JCDC Children's Gospel - a talent springboard
"An opportunity of a lifetime!" is how 20-year-old singer Lenya Wilks described her participation in the Jamaica Cultural Development Commission (JCDC) National Children's Gospel Song Competition in 2005. Then a 15-year-old student at Charlemont High School, Wilks entered the competition in the solo category, performing Alabaster Box by Cece Winans. Though she placed second, she said it felt like winning, based on the many opportunities that have followed.
"Several persons approached me after to express admiration for my talent and wanted to book me for different shows," said Wilks.
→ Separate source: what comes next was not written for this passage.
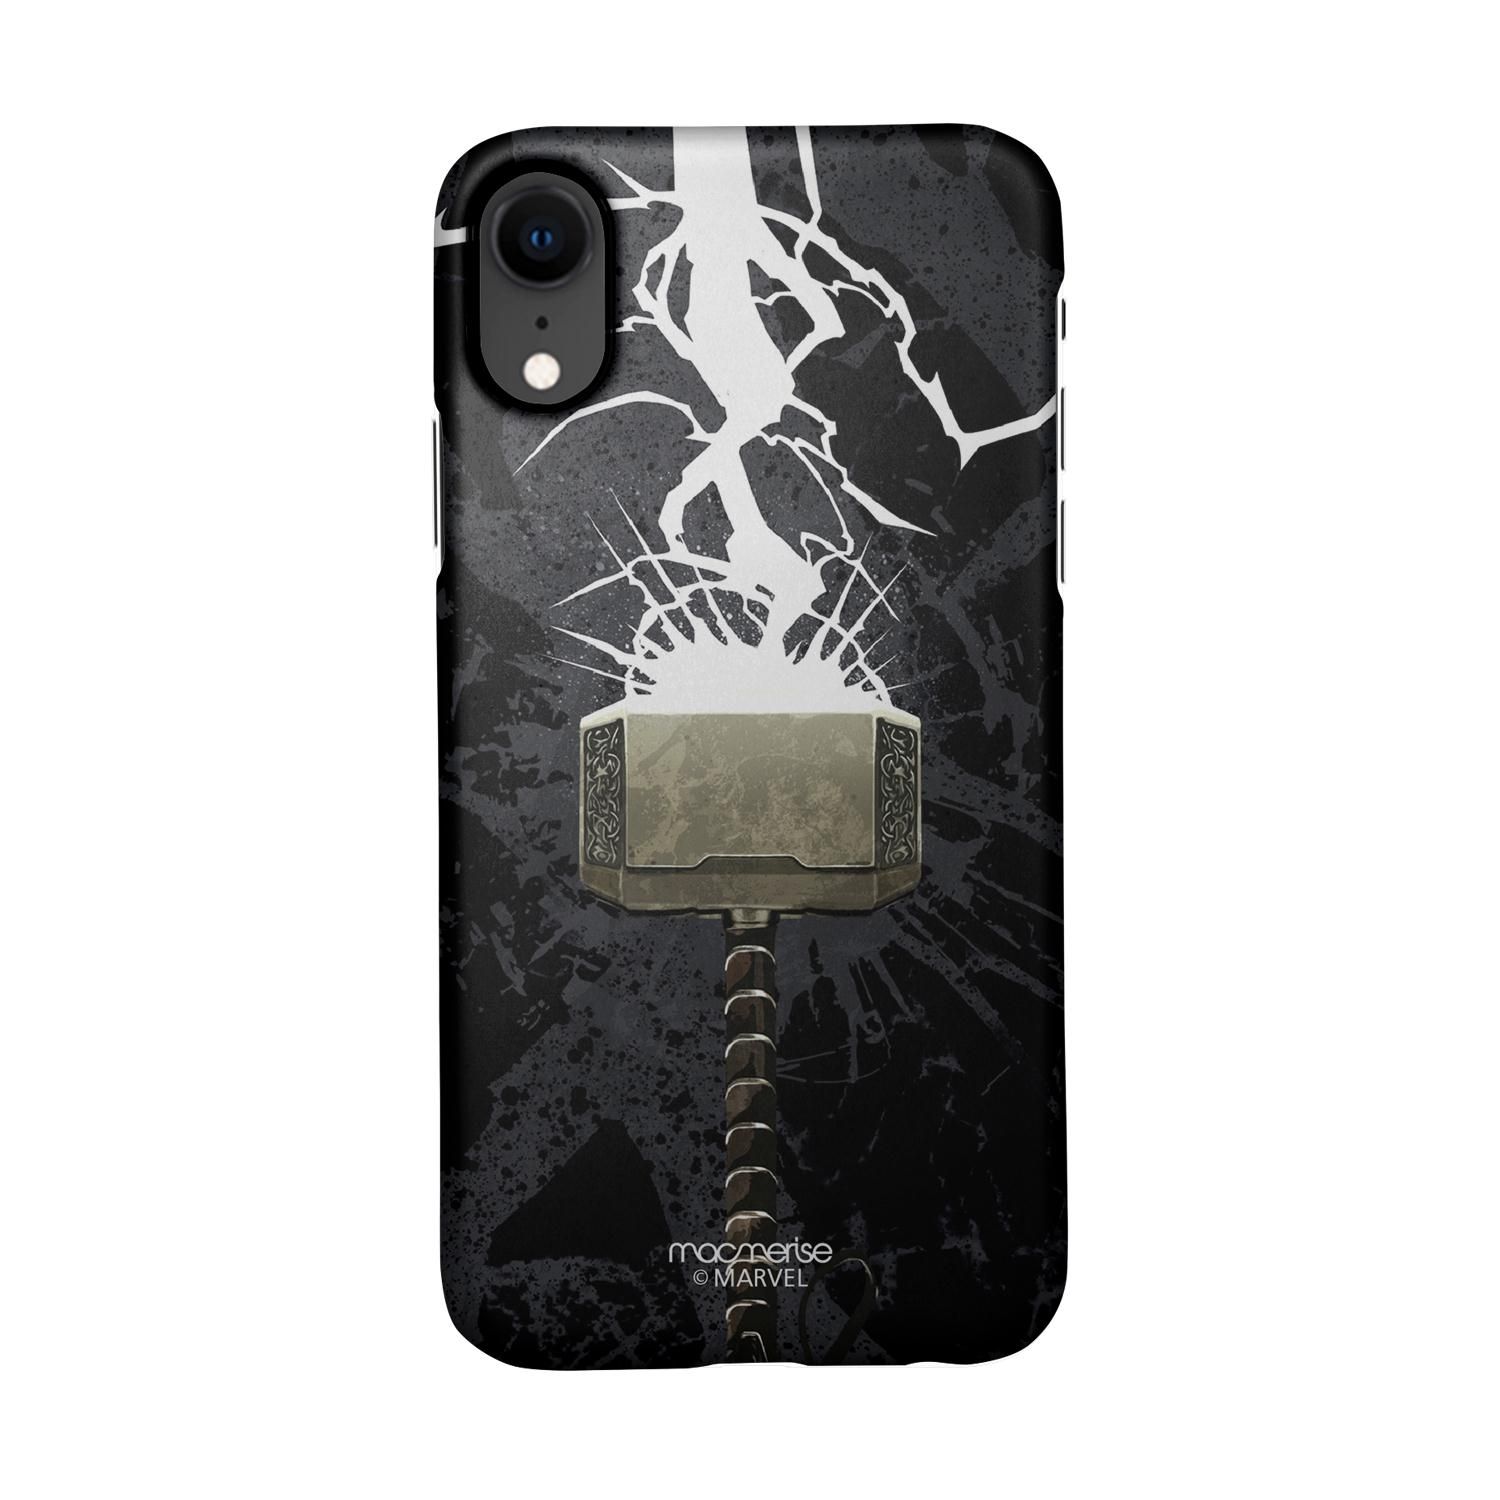 Buy The Thunderous Hammer - Sleek Phone Case for iPhone XR Online

But it was her high school music teacher, Nigel Powell, who had encouraged her to enter the children's gospel competition that pushed her to enter the Digicel Rising Stars competition, that further thrusting her into the nation's spotlight.
Again not winning, another major opportunity came her way. Currently working with reggae icon Beres Hammond, Wilks said she has spent the last three years touring the Caribbean, Europe and the USA.
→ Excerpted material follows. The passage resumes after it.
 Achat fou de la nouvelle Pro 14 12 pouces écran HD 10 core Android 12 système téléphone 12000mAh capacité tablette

The international stage has also been the destiny of Raquel Hinds, another former participant in the competition. She too has spent the last year doing background vocals and touring countries such Brazil, Africa and Greece with the Wailers.
"The children's competition opened many doors for me," she said. "It allowed me to work with a number of persons in the industry and allowed them to get familiar with my talent. It was definitely a good springboard for me."
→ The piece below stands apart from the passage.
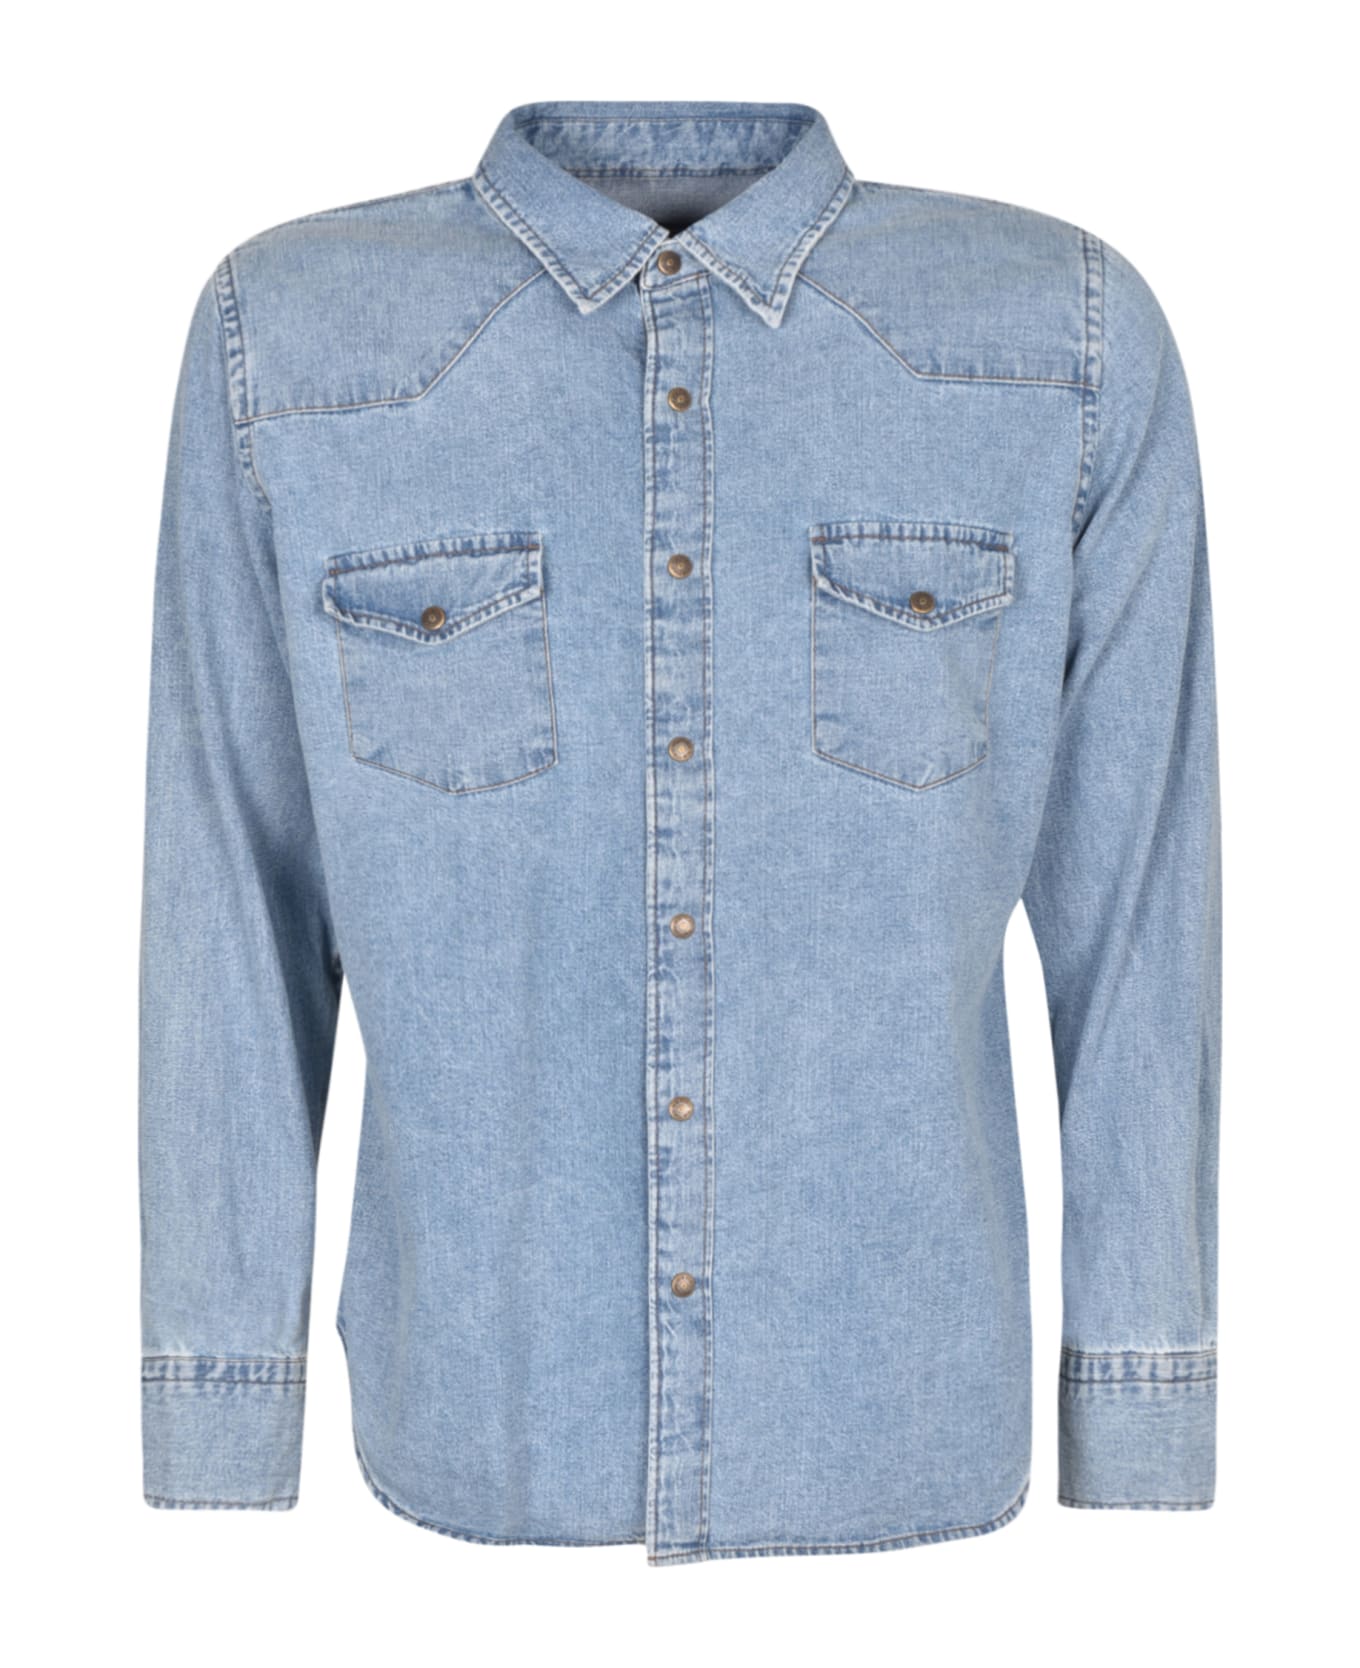 Tom Ford Denim Buttoned Shirt - Medium Blue

Hinds placed first in 2003, singing Still I Rise by Yolanda Adams. The following year, she continued in the JCDC gospel programme, this time in the Jamaica Gospel Song Competition. Hinds recently completed a degree in voice training at the Edna Manley College of the Visual and Performing Arts.
Though just 10 years old at the time, Oshin Levy, now a grade-nine student at Holy Childhood High School, still lauds the opportunities she got from entering the children's gospel competition. Currently singing background vocals for her father, Lubert Levy, and brothers, which comprise Levy's Heritage, Levy said the competition boosted her confidence and self-esteem.
"I would definitely encourage other young singers to enter," she said. Levy also wrote a song titled I Know a Friend, which was performed by her brother, Ovando, in the 2008 Jamaica Gospel Competition.
There have also been participants who have been led into full-time ministry, as was the case of Odane Rhoden, who is now a director of Psalm Ministries International. Having also entered the competition in 2003, Rhoden is now ministering all over the United States and the Caribbean with his team.
"It was a confidence-building exercise for me," said Rhoden. "As a shy 15-year-old, the competition allowed me to exceed my own expectations."
Rhoden's ministry team was recently honoured at the Youth Gospel Awards held in New York.
According to JCDC gospel specialist, Leighton Jones, the mission of the Children's Gospel Competition is to help unearth young gospel singers and develop and showcase Jamaican talent in gospel ministry.
"The competition emerged from a heavy influx of young entrants in the Jamaica Gospel Song Competition," said Jones. "This led the JCDC to recognise a need for an arena in which young gospel singers could compete among their peers," Jones added.
More than 200 young performers will be taking part in the finals of the 2010 National Children's Gospel Song Competition scheduled for Sunday at the Ranny Williams Entertainment Centre at 6 p.m.